For Patients
OrthoCarolina Facility

Alicia Lazeski, MD

Fluoroscopically-guided injections are a non-operative, conservative method of treatment for ongoing and chronic back pain or joint pain. These injections are outpatient procedures that can help relieve pain quickly by reducing inflammation in the affected area. Read on to find out why fluoroscopically-guided injections can be an extremely effective non-operative method of treating back or joint pain.

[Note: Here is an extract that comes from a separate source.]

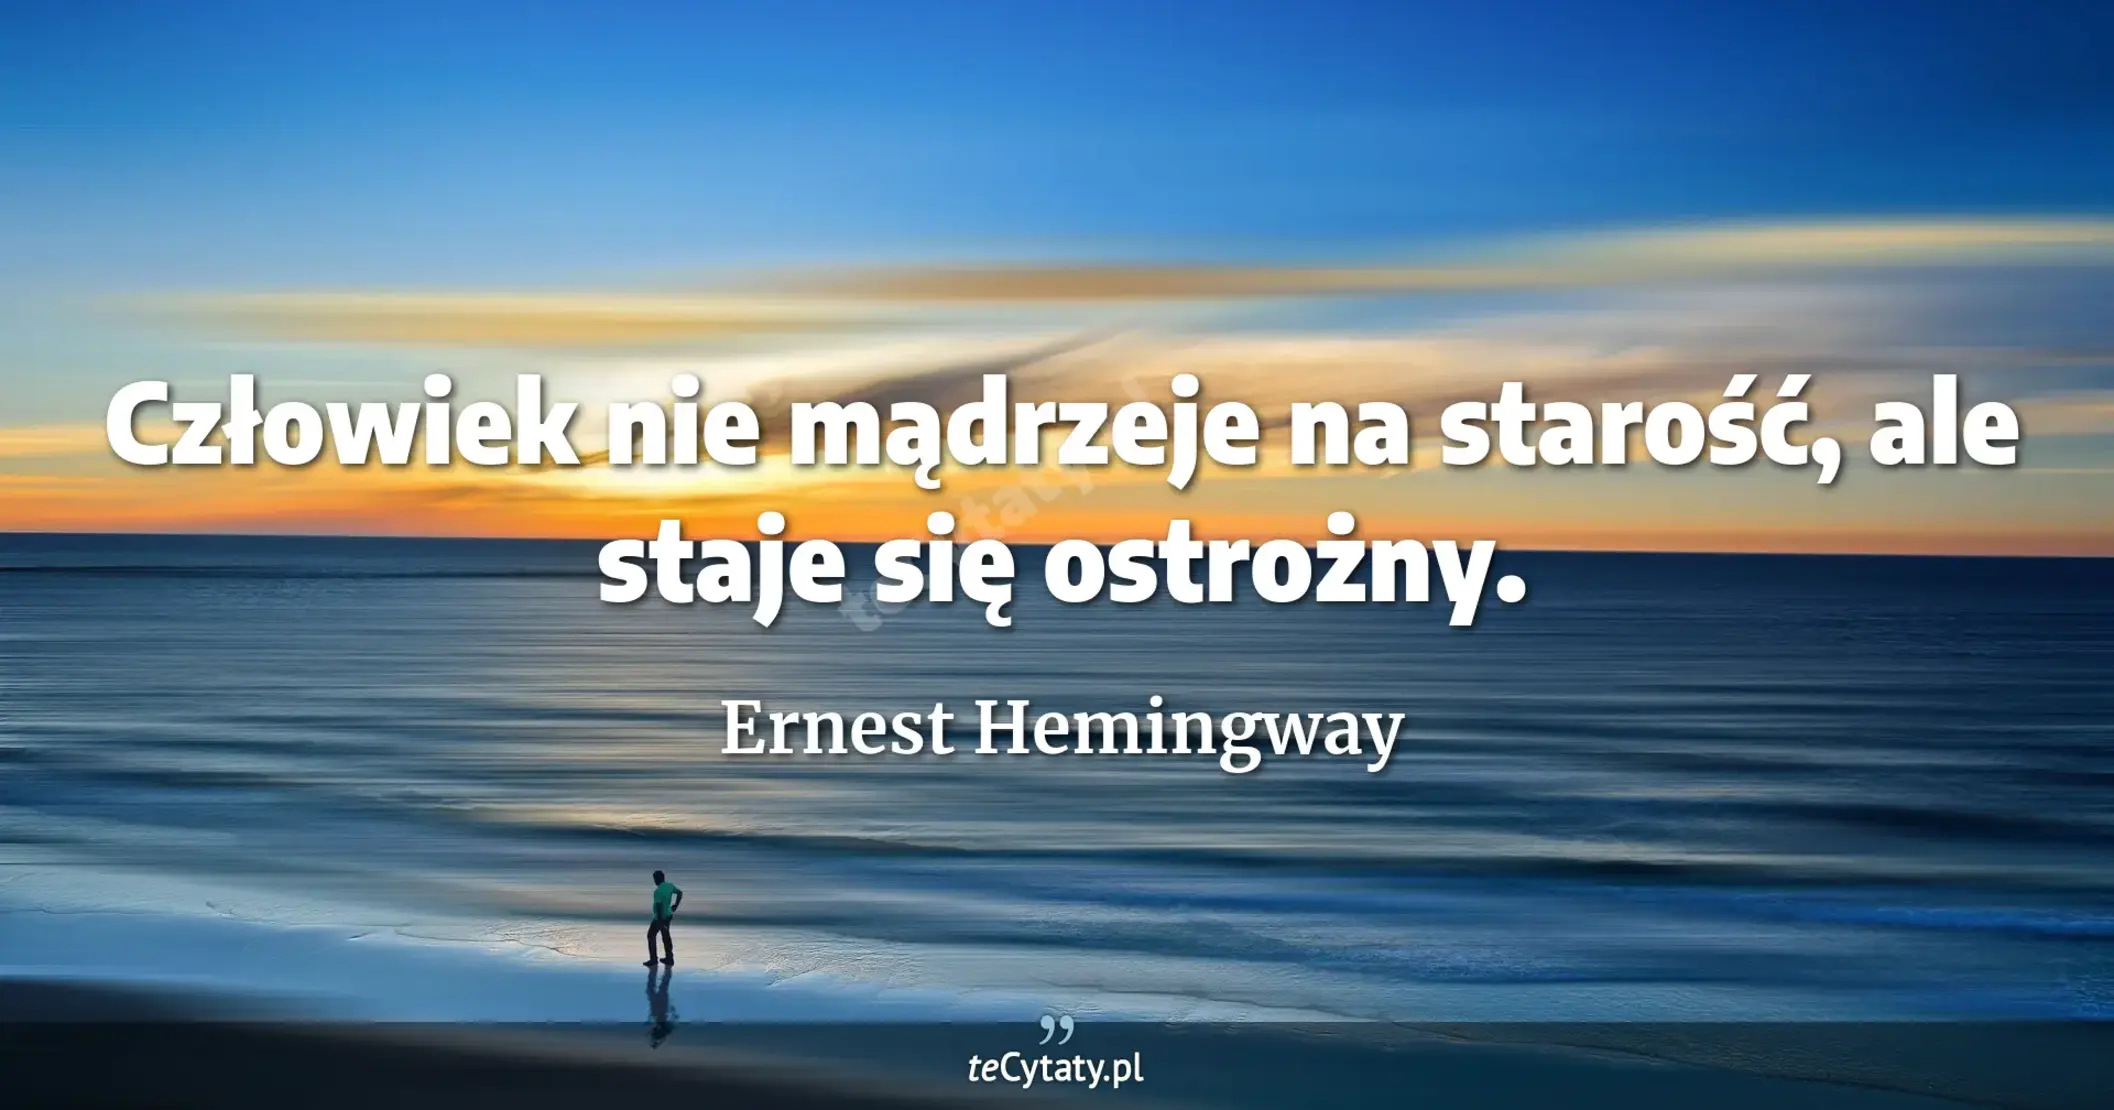 Człowiek nie mądrzeje na starość, ale staje się ostrożny. - Ernest Hemingway

Accuracy delivers medicine more precisely.
Fluoroscopy is a type of imaging that shows a continuous X-ray image as a procedure is performed. The use of fluoroscopy helps improve accuracy by allowing a physician to guide the injection needle to a precise location under direct visualization. This means that the administering physician is able to inject an inflammation-reducing steroid and anesthetic with maximum accuracy.


Who can get fluoroscopically-guided injections?
These steroid injections are used for difficult-to-reach areas of the body such as the spine, shoulder, hip, and sacroiliac joint. They can help treat conditions like hip arthritis, lumbar spine arthritis, lumbar disc herniation, sciatica, piriformis syndrome, sacroiliac joint (SI) issues, shoulder arthritis, and rotator cuff issues. A steroid injection typically includes a corticosteroid (such as dexamethasone, triamcinolone or methylprednisolone) and an anesthetic agent for numbing (such as lidocaine).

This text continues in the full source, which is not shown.